= Joan Elwes =

English soprano and music teacher

Joan Izott Elwes (1895-1961) was an English soprano and music teacher.

== Biography ==
She was born in Woolbeding, West Sussex, daughter of Edward Elwes (1848-1930) and his wife, born Emily Fownes Somerville. Her father was educated at Eton and Oxford, and ordained in 1872, becoming Chancellor of Chichester Cathedral in 1914. She was a cousin of singer Gervase Elwes.

Elwes studied music in London: cello at the Royal College of Music and singing with the Polish tenor Jean de Reszke. She made her recital debut relatively late, at the age of 27, and continued to sing in recital and oratorio until the late 1930s. Elwes was one of Edward Elgar's favourite interpreters, and in October 1930 he dedicated a song to her It isnae me, and soon afterwards wrote for her his last song which he mysteriously called "XTC" ("Ecstasy").

Joan Elwes was a singing teacher (she enjoyed teaching children) and had a distinguished career as a recitalist, radio broadcaster and festival singer. She specialised in Bach and other early music. She was admired by composers Elgar and Vaughan Williams. She was described as having a voice "of considerable power, fresh and sweet".

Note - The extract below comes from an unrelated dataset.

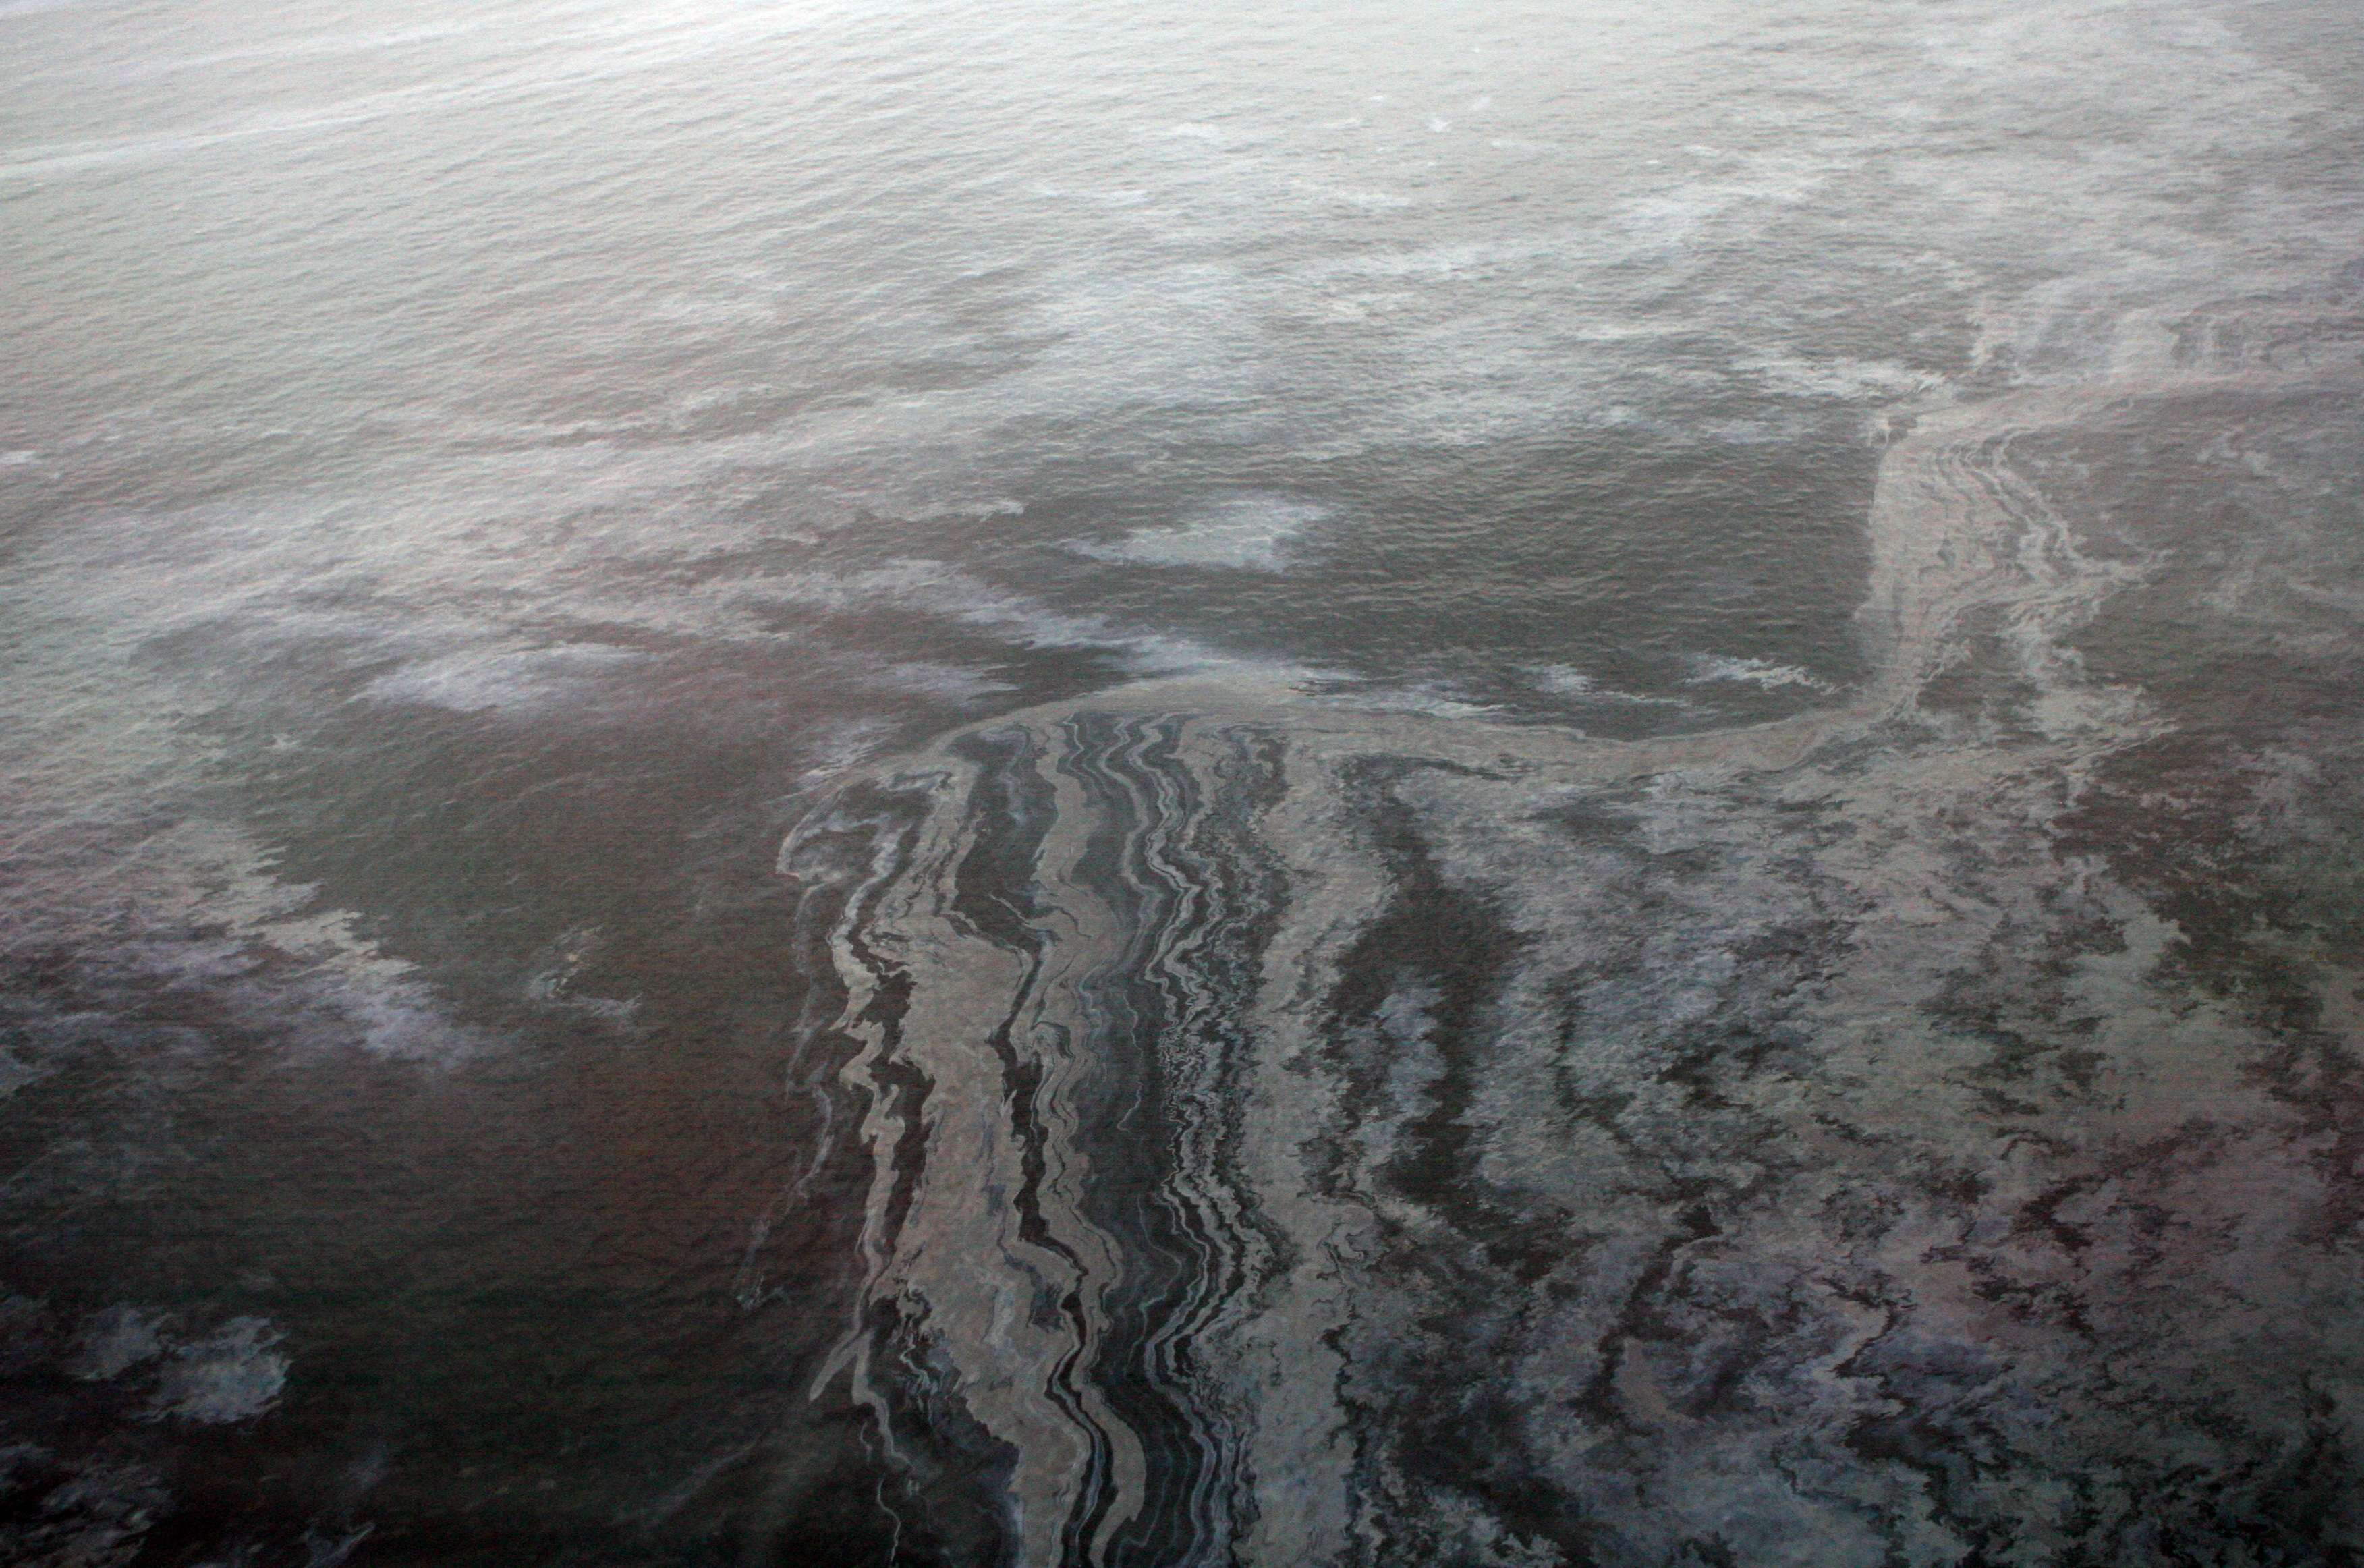 En teori kring dödsfallen är att oljeutsläpp orsakat kraftfulla vågor som lett till delfinernas inre skador.
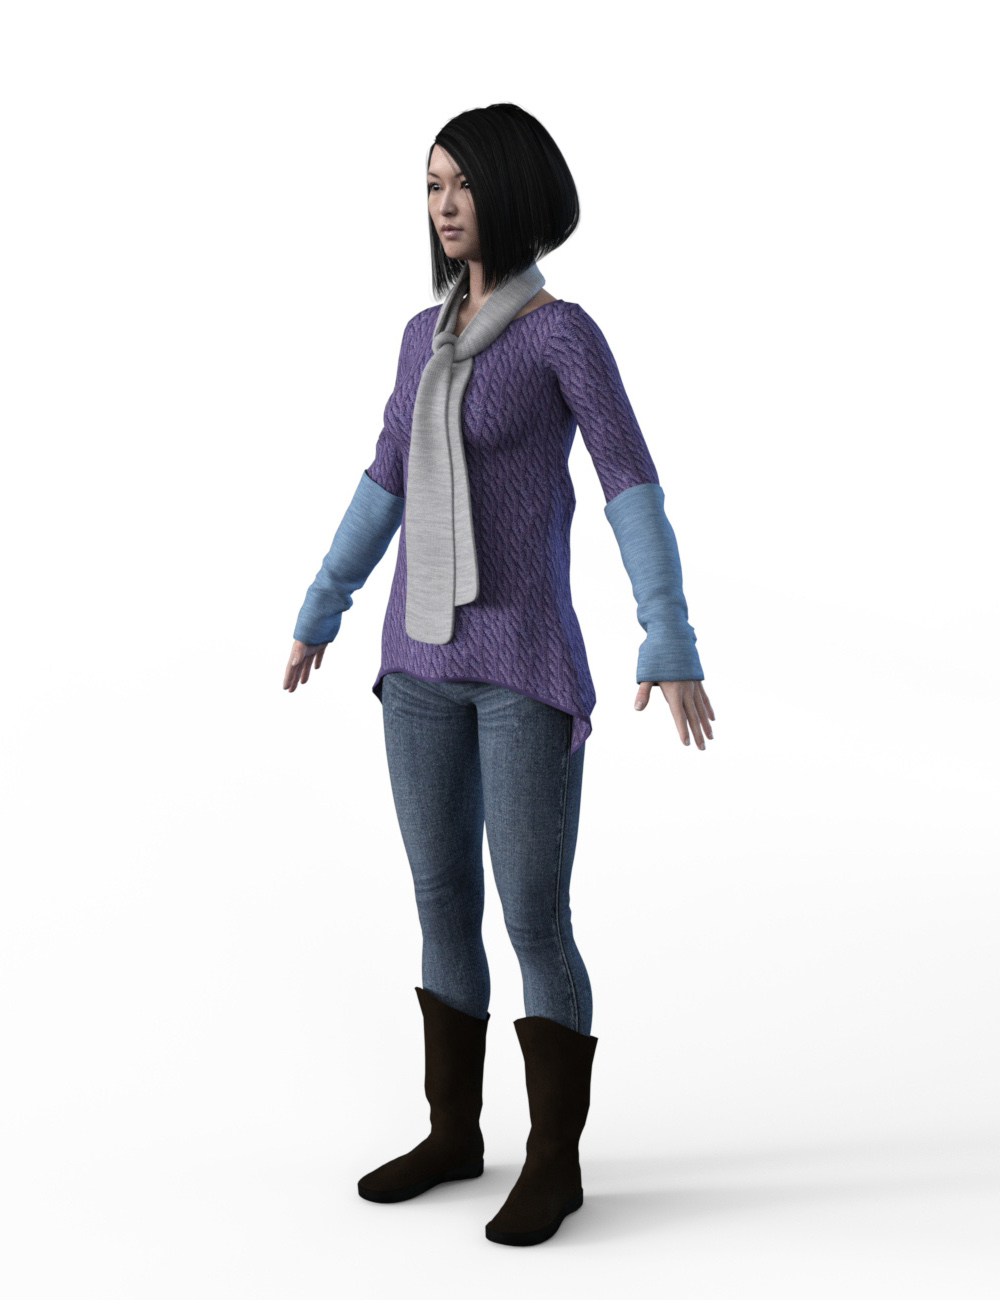 FBX- Base Female Vigilante Outfit by: Paleo, 3D Models by Daz 3D

A series of recitals she promoted in 1935 was devoted to the songs of Bach, and she gave few recitals after this. But in 1947 she sang five of Elgar's songs at a concert in London in aid of the Elgar Memorial Fund set up by the Elgar Birthplace Trustees.

=== Personal life ===
Joan Elwes married a lawyer, Lindsay Millais Jopling on 24 February 1931 and they had three children together. He was the son of painter Louise Jopling.